Author | : Larry Birnbaum |
Publisher | : Rowman & Littlefield |
Total Pages | : 475 |
Release | : 2013 |
Genre | : Music |
ISBN | : 0810886383 |
An essential work for rock fans and scholars, Before Elvis: The Prehistory of Rock 'n' Roll surveys the origins of rock 'n' roll from the minstrel era to the emergence of Bill Haley and Elvis Presley. Unlike other histories of rock, Before Elvis offers a far broader and deeper analysis of the influences on rock music.

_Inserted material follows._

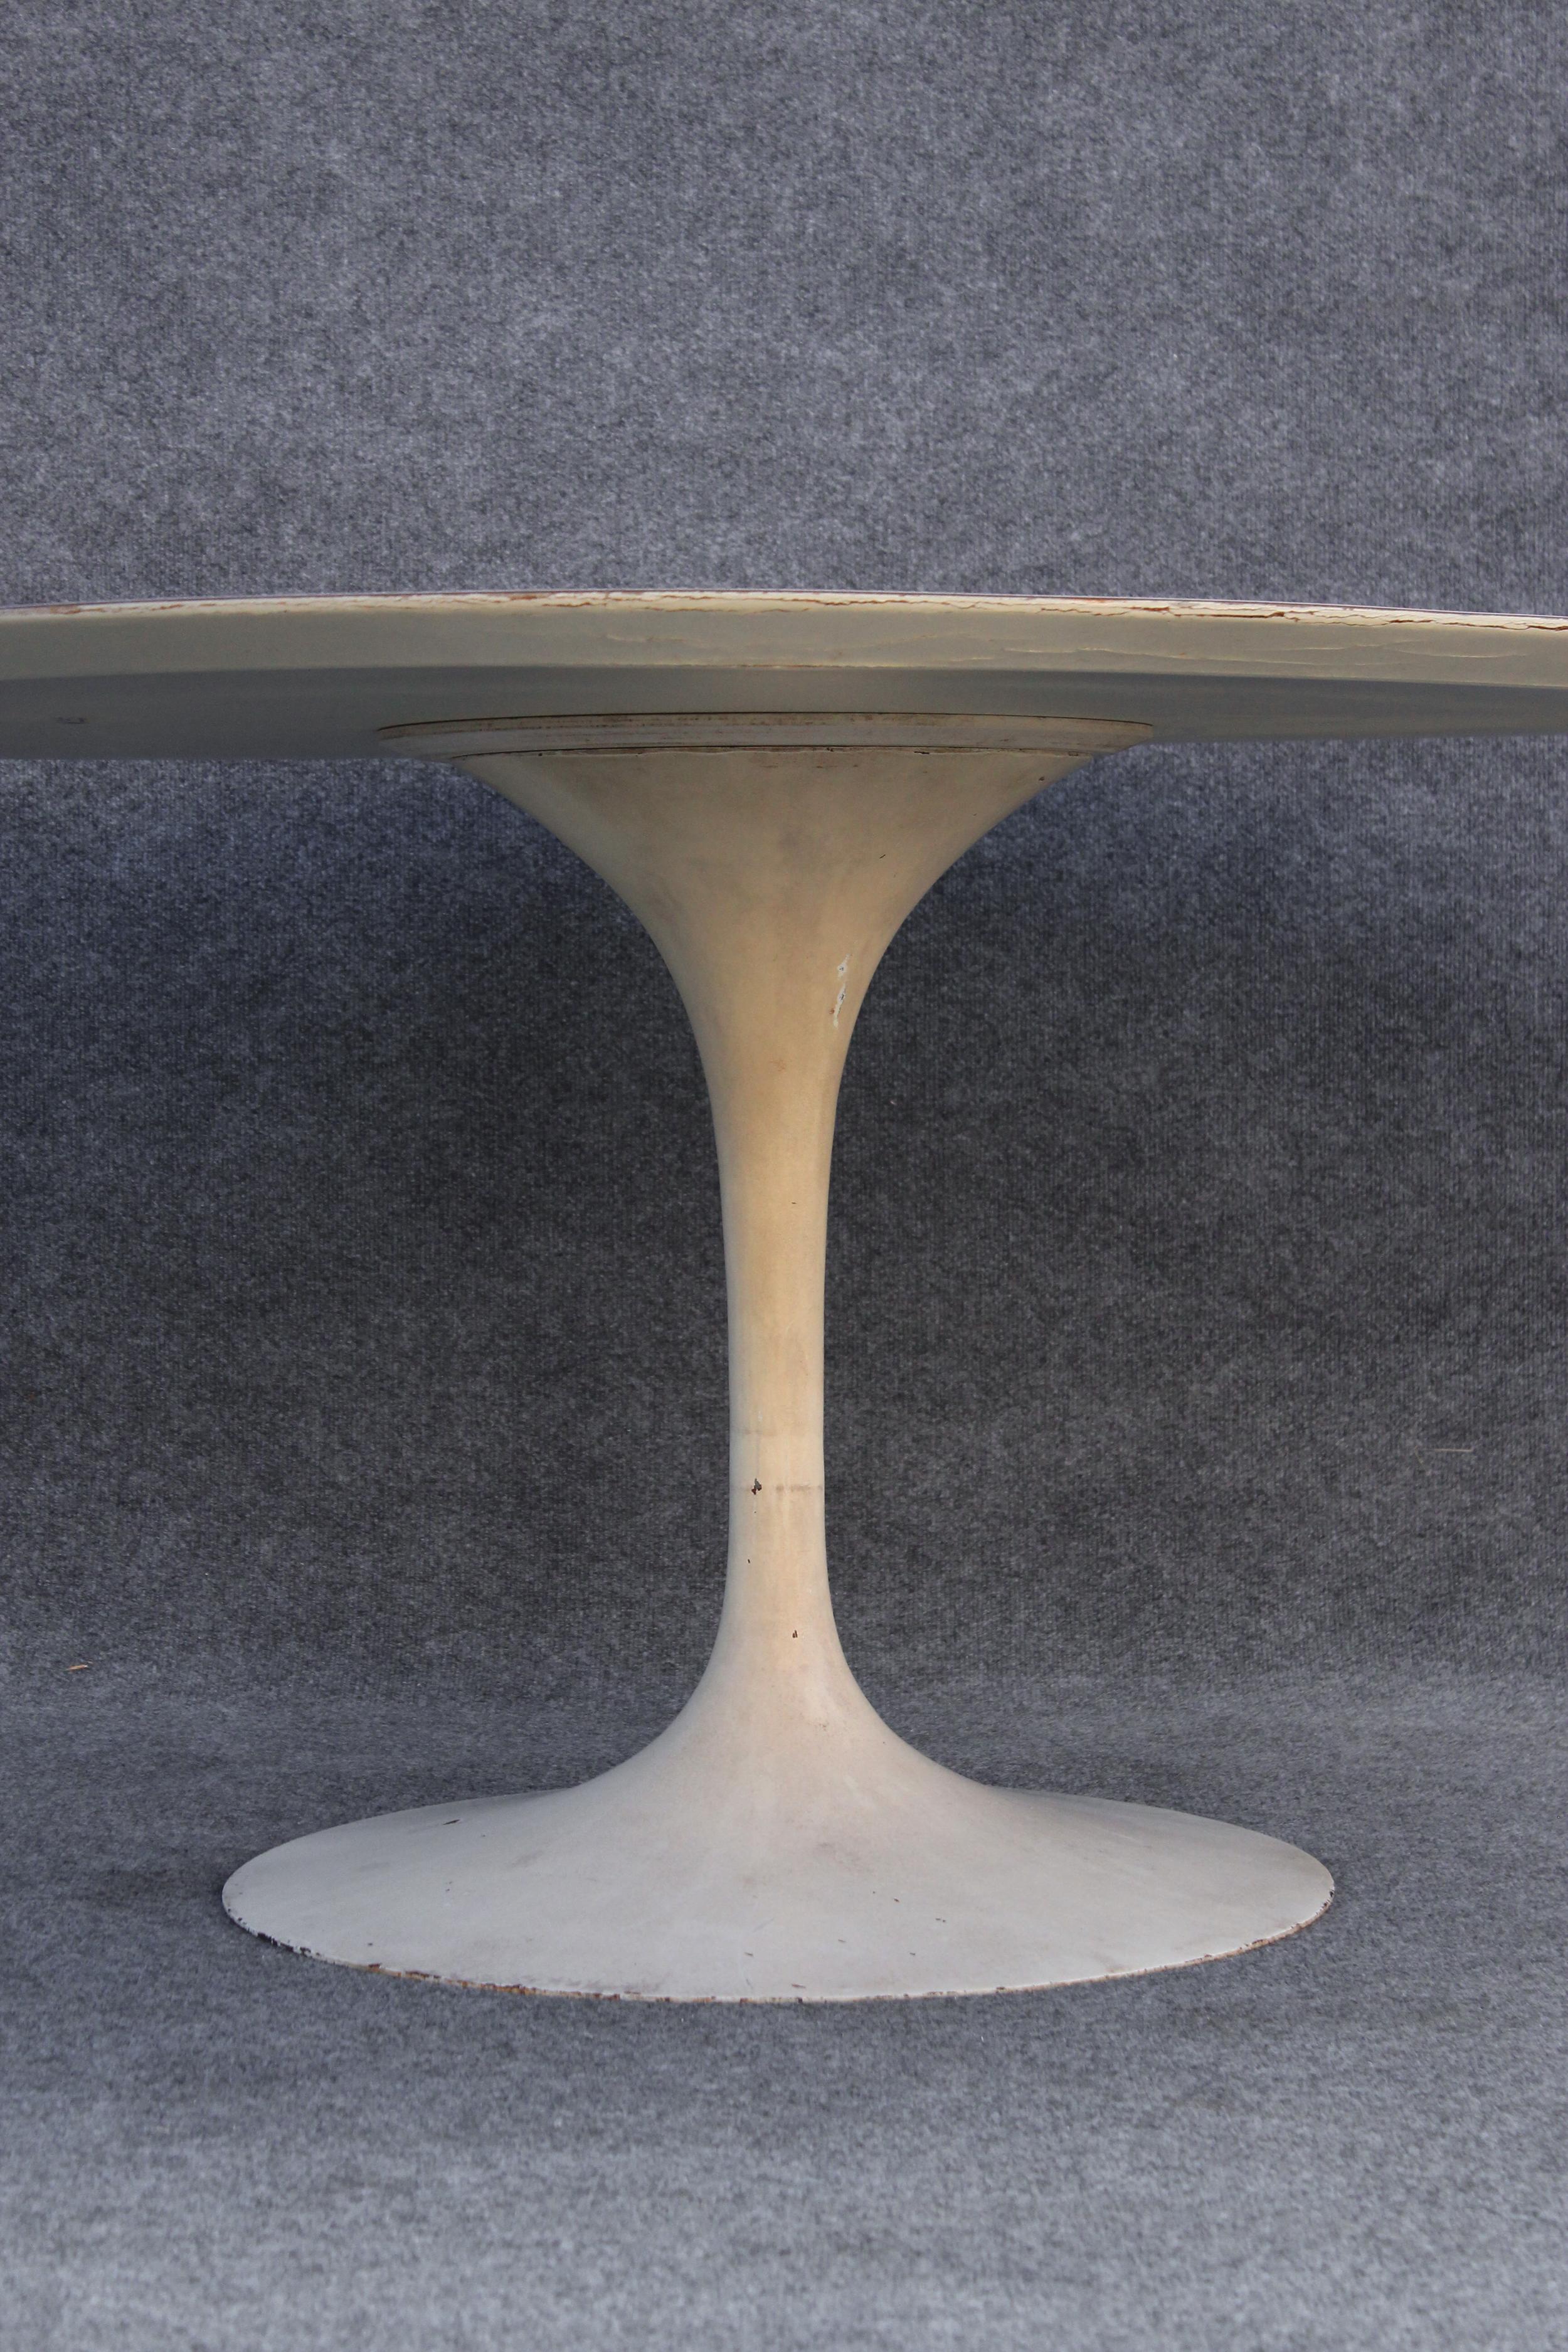 Conçue en 1957 par Eero Saarinen, cette table a été produite par Knoll peu de temps après. L'étiquette sur le dessous de la table indique qu'elle date d'environ 1961, ce qui en fait l'une des plus anciennes tables existantes. Le plateau est revêtu
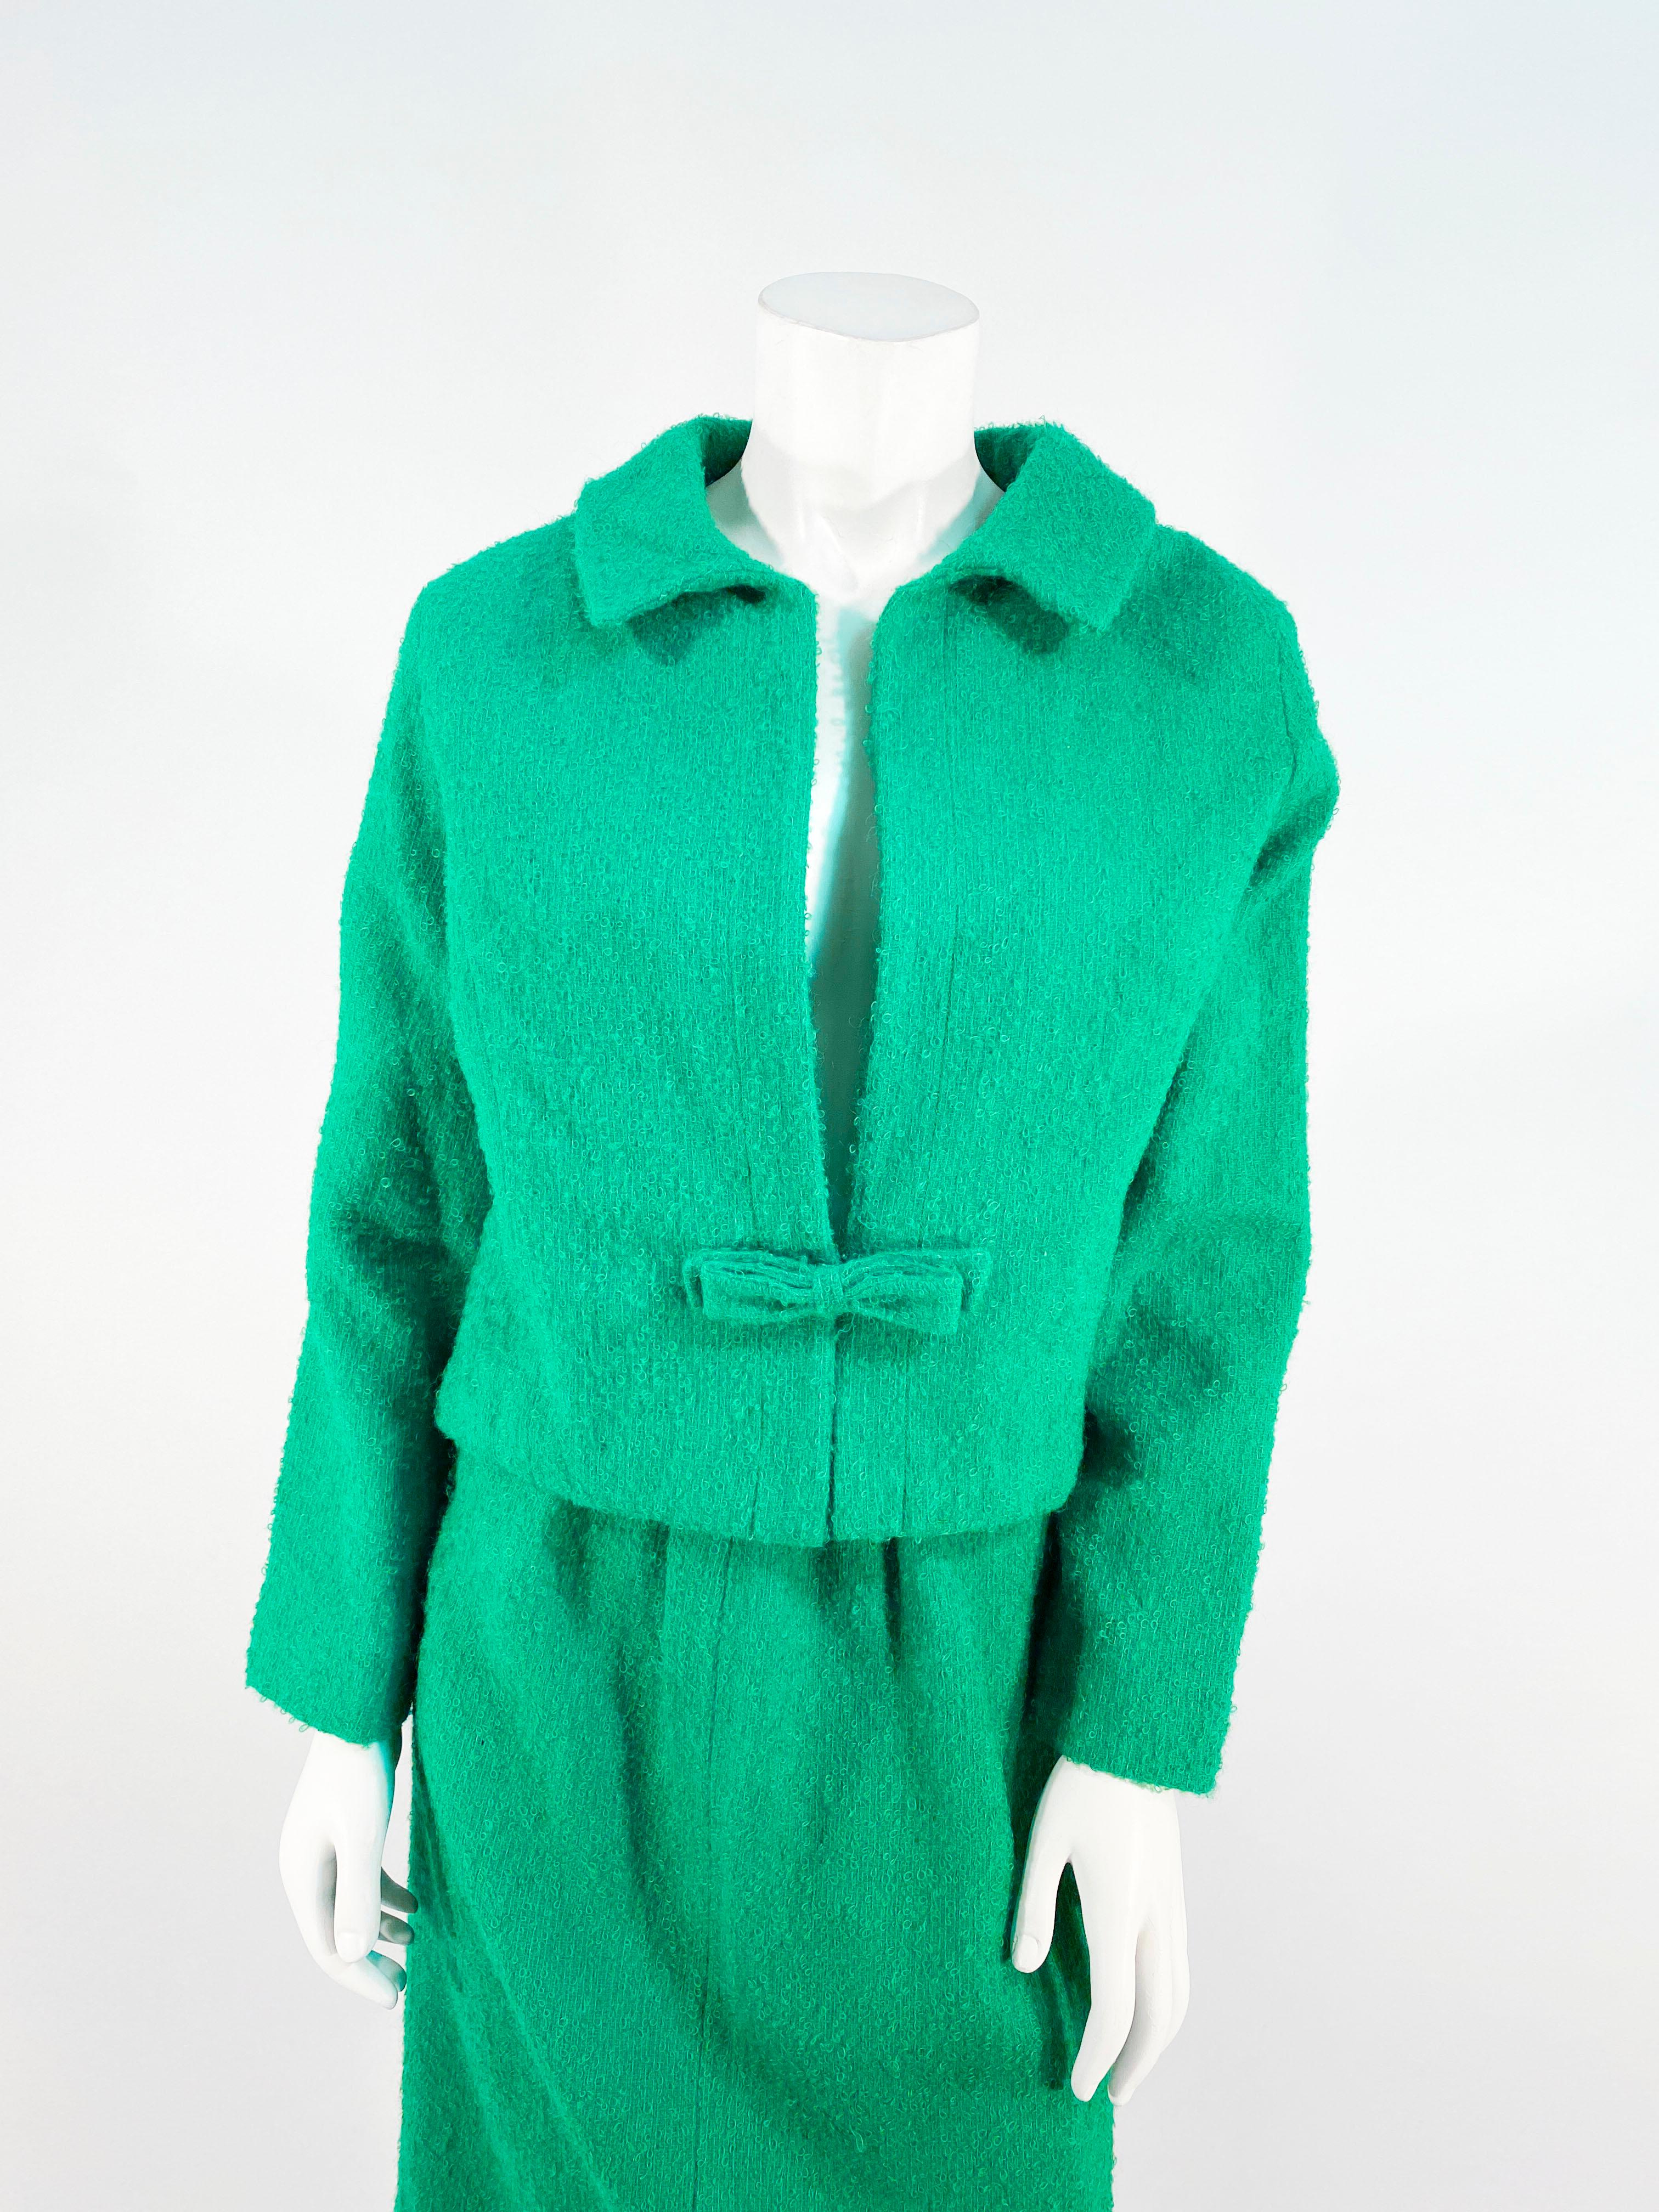 costume en mohair vert kelly des années 1980 de la marque Saks Fifth Ave. La veste est de type boîte avec des manches longues, une doublure intérieure et une fermeture à nœud qui crée un décolleté plongeant. La jupe droite a une taille appliquée.

Dispelling common misconceptions, it examines rock's origins in hokum songs and big-band boogies as well as Delta blues, detailing the embrace by white artists of African-American styles long before rock 'n' roll appeared. This unique study ranges far and wide, highlighting not only the contributions of obscure but key precursors like Hardrock Gunter and Sam Theard but also the influence of celebrity performers like Gene Autry and Ella Fitzgerald. Too often, rock historians treat the genesis of rock 'n' roll as a bolt from the blue, an overnight revolution provoked by the bland pop music that immediately preceded it and created through the white appropriation of music till then played only by and for black audiences. In Before Elvis, Birnbaum daringly argues a more complicated history of rock's evolution from a heady mix of ragtime, boogie-woogie, swing, country music, mainstream pop, and rhythm-and-blues--a melange that influenced one another along the way, from the absorption of blues and boogies into jazz and pop to the integration of country and Caribbean music into rhythm-and-blues. Written in an easy style, Before Elvis presents a bold argument about rock's origins and required reading for fans and scholars of rock 'n' roll history.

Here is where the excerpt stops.